Is Haemoglobin then measured by mixing the soltuions with a solution of 2.08mmol/L of SLS (Sodium lauryl sulphate) and reading absorbance at 539nm?
No. The protein mix is loaded on at the start. After the first protein is eluted, I then switch to a different buffer to elute the second protein that is bound to the column. And, no, I did not use a spec. That is, I did not measure the amount of haemoglobin eluted.
@@NickMorrisPhD Fair play for answering so fast. I'm in the throes of learning this technique at school now and I really wish to know the underpinnings and hardcore basics of it down to the tee.
Can one learn of the purposes of the different buffers?
@@owenhunt The buffers are essentially the same, apart from the concentration of phosphate. Both buffers are pH6.5 and the first buffer contains 17.5 mM phosphate and the second 175 mM phosphate. The 17.5 mM is used first and at this concentration of phosphate the catalase will bind to the column and the haemoglobin will not, and so the haemoglobin flows through to be collected. When we switch to the 175 mM buffer, the phosphate ions compete with the catalase for binding to the column. This results in the catalase becoming unbound and so it is eluted.
Hello Dr. Morris- Can you say how much of each protein was present in the 200 microlitres that was added at the beginning?

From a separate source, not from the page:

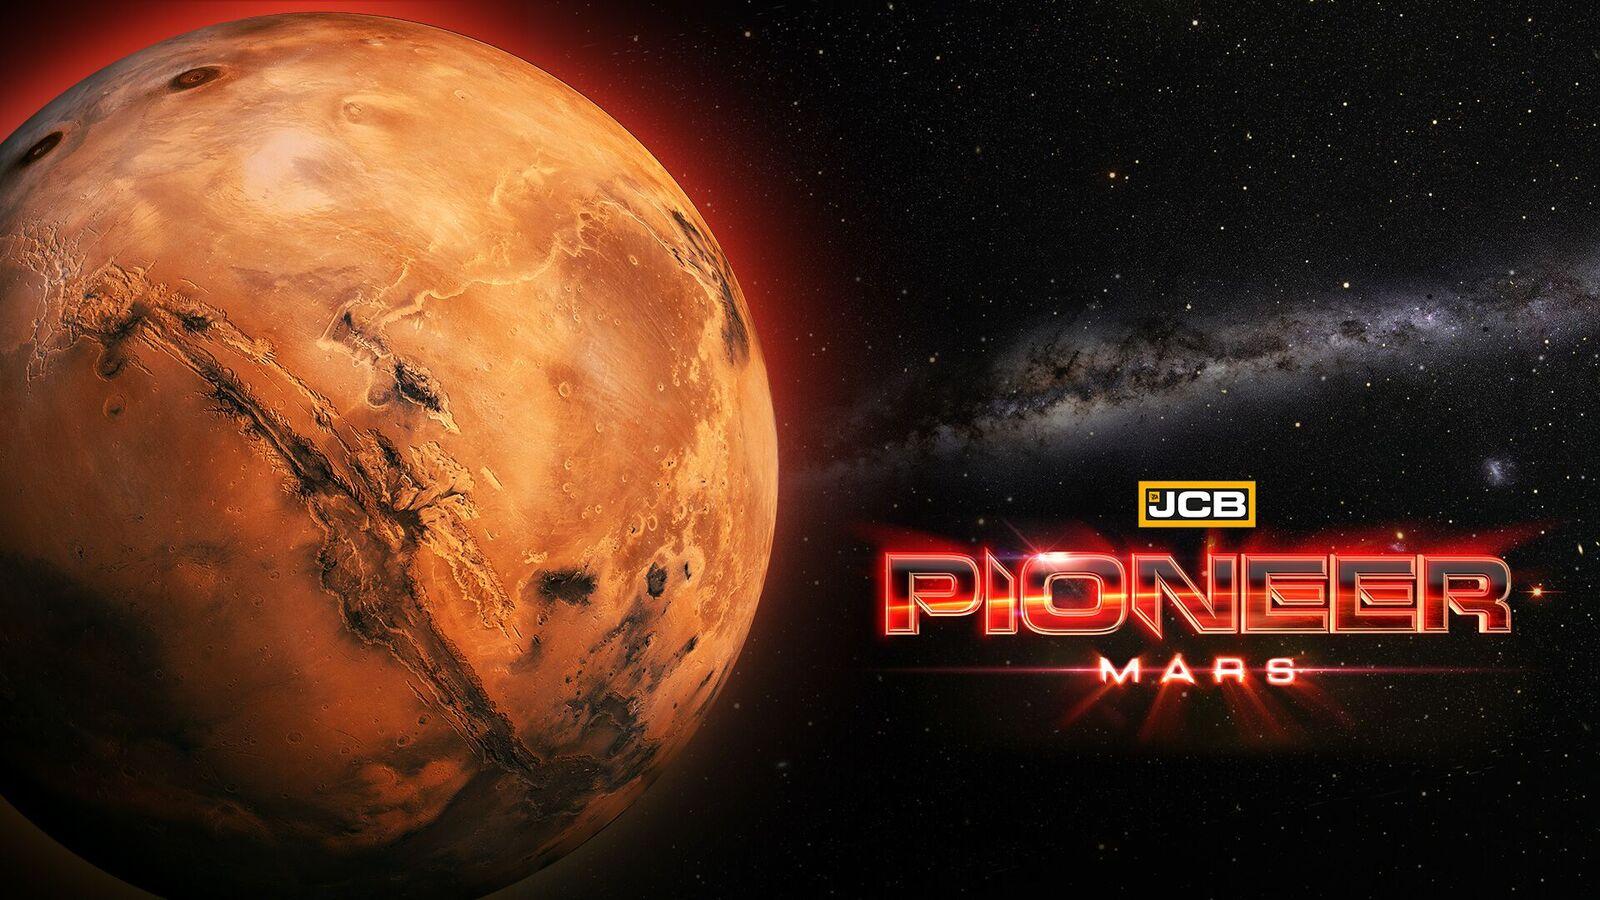 Photo of gamescom 2017: JCB Pioneer: Mars

According to my notes there were 0.88 g of haemoglobin per 100 ml, and haemoglobin and 10 mg of catalase. However, these were our starting numbers and we often had to change them due to batch variation in supplied purified proteins.
How to fill own coloum..? Where to finf resin
swanand deshmukh - the resin is an issue, as the one used - DEAE-Sepharose - is either no longer made, or is in short supply (or it was a couple of years ago when I tried to buy some). The sepharose needs washing as outlined in the manufacturer’s instructions to activate it, and then it is poured just as you would pour any column. You get the sepharose in suspension and pour it in one go into the column. Whether or not you leave the tap on at the bottom of the column is up to you. Letting the liquid flow out can result in quicker packing, but a ‘tight’ column with restricted flow rates (there is also the risk of the column running dry), whereas leaving the sepharose to settle can take a lot longer, can give better flow rates, and reduces the risk of the column running dry as it packs.

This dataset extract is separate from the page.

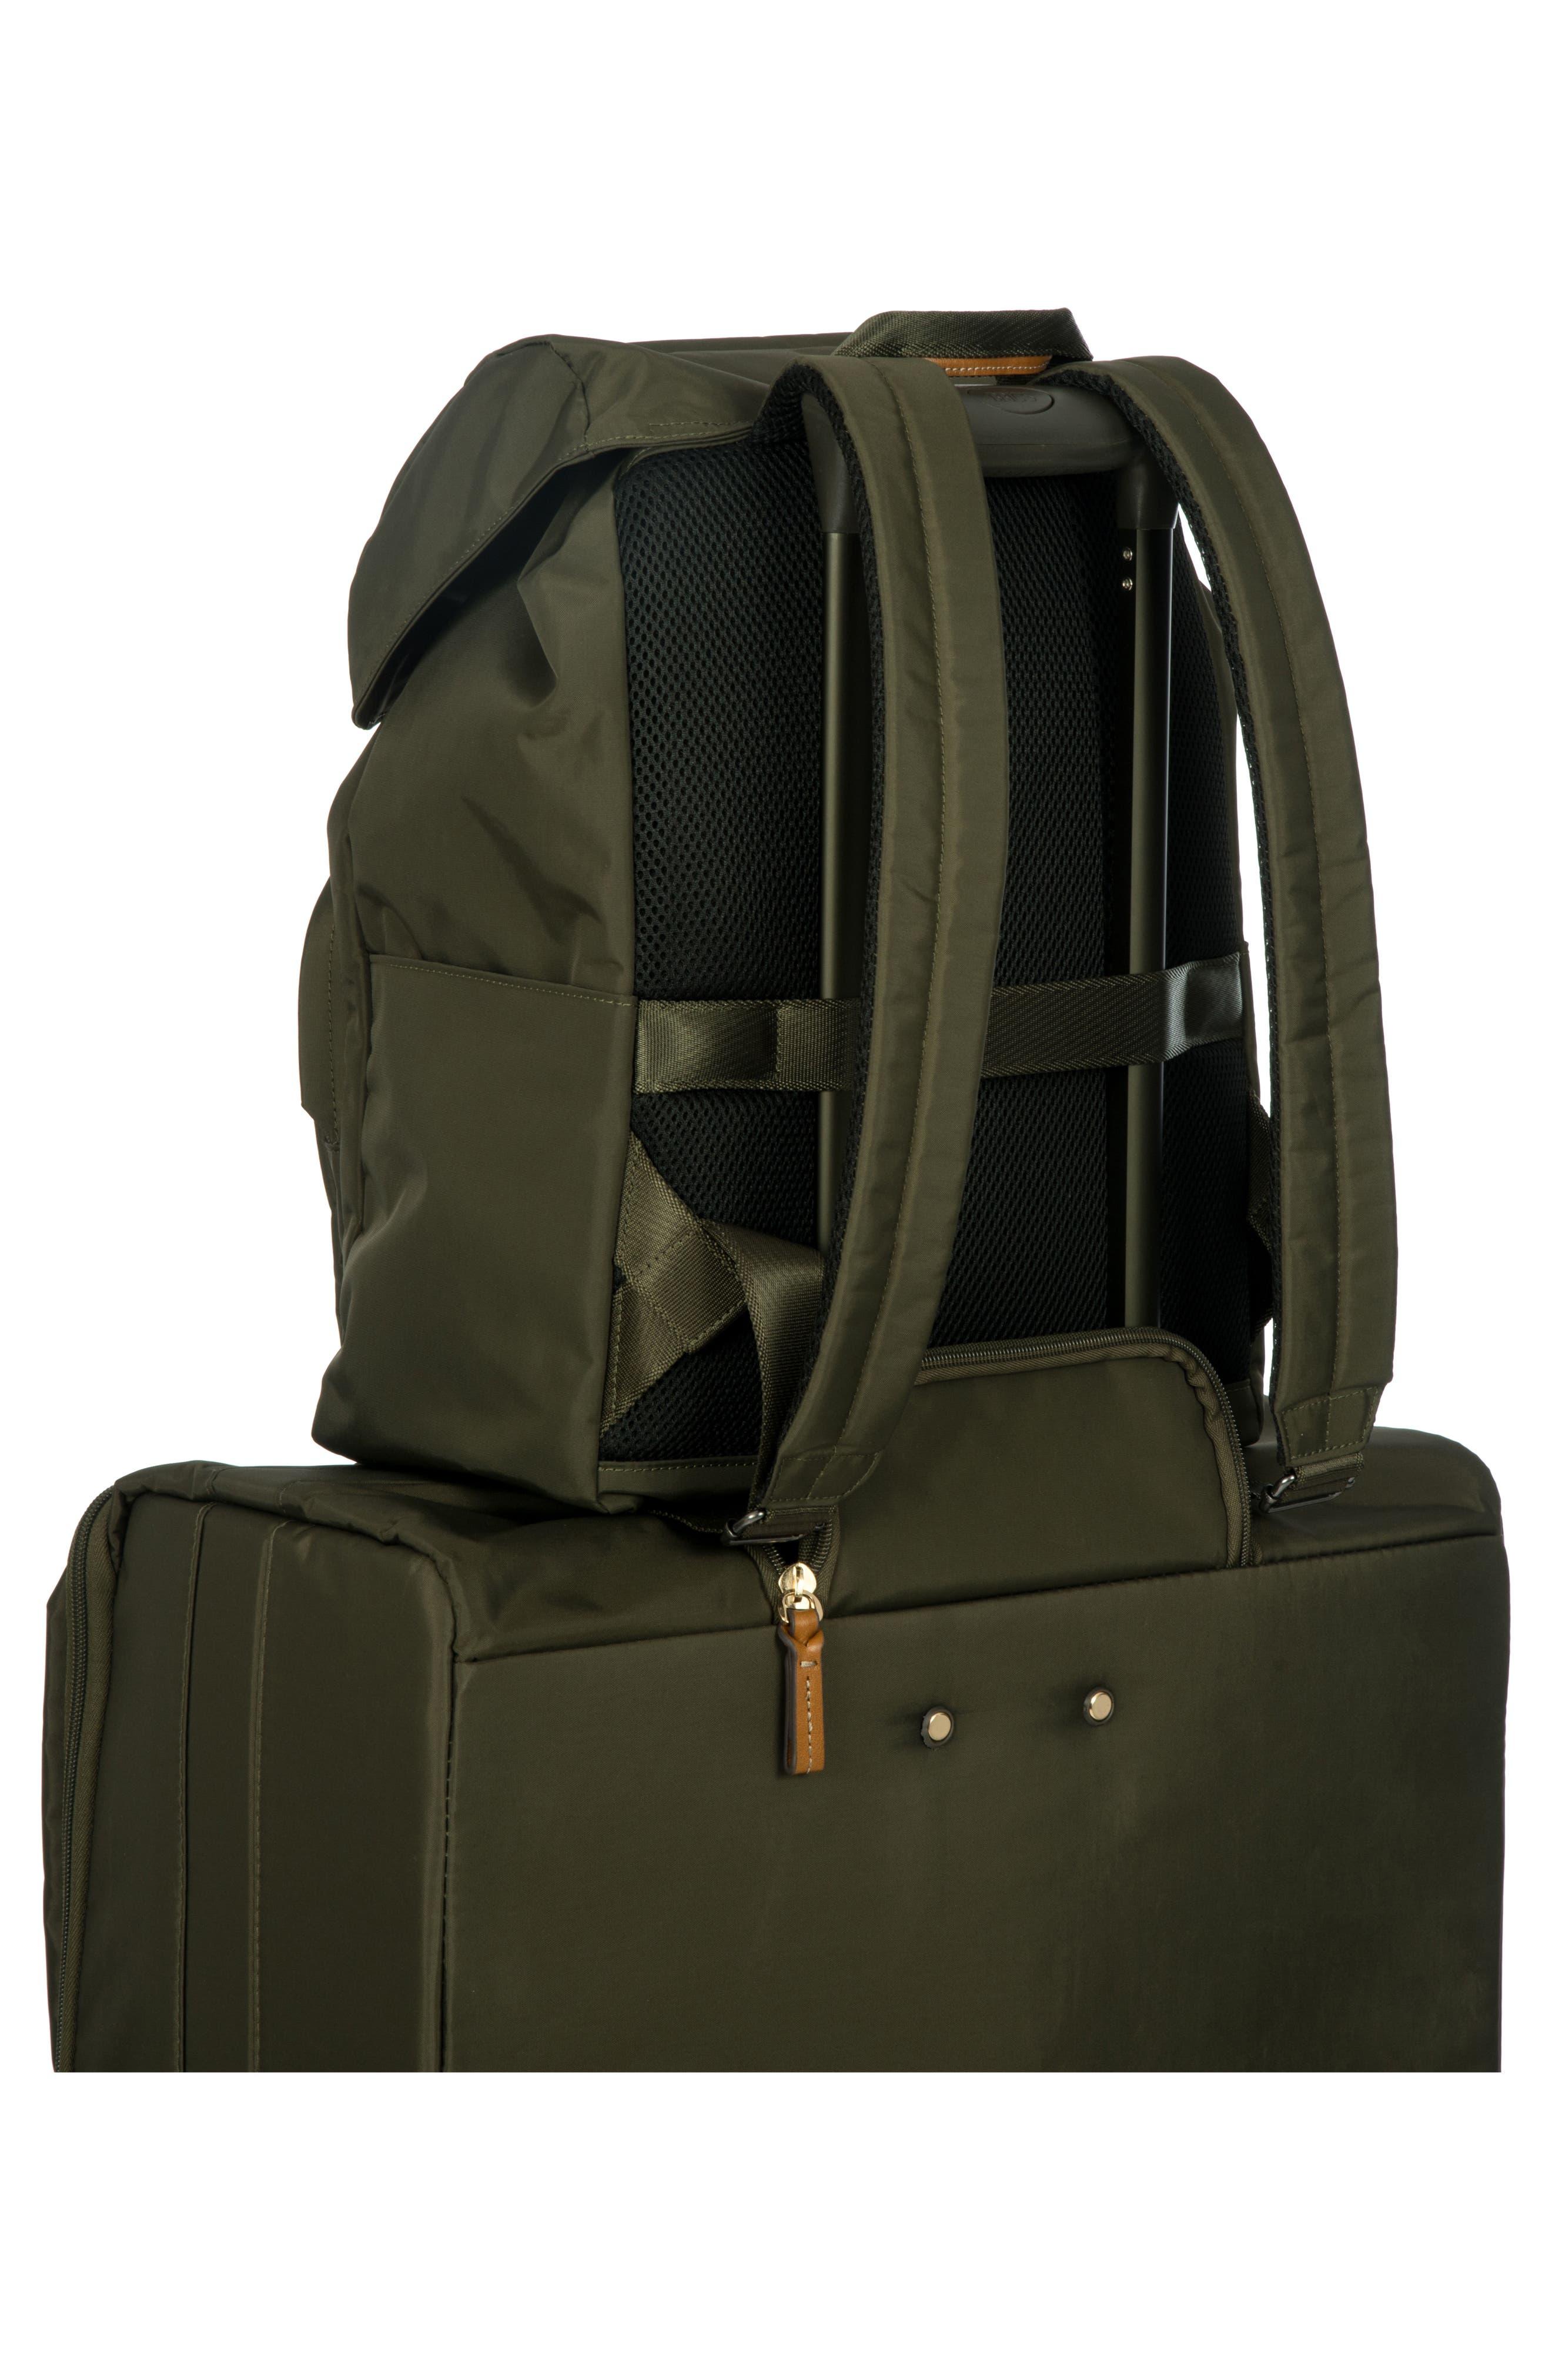 X-Bag Travel Excursion Backpack,                             Alternate thumbnail 2, color,                             Olive

@@NickMorrisPhD i want to seperate and purify the serine protease from my crude extract...how can i do it...more easily and economically..?
@@swananddeshmukh9839 Sorry, no idea. Have you tried searching PubMed to see how other researchers have done it?
@@NickMorrisPhD i tried to search ...but each method is laboreious and much expensive
@@swananddeshmukh9839 Welcome to the world of science! I am still waiting to find my cheap and easy experiment.
This must be size exclusion rather than Ion exchange
No, separation is based on the different isoelectric points
No. It is as advertised. It's anion exchange.
Nope, it is anion exchange. The haemoglobin carries no charge so goes straight through the column.
At the pH the experiment is run haemoglobin has no change and so does not stick to the column, whereas the catalase carries a charge and sticks.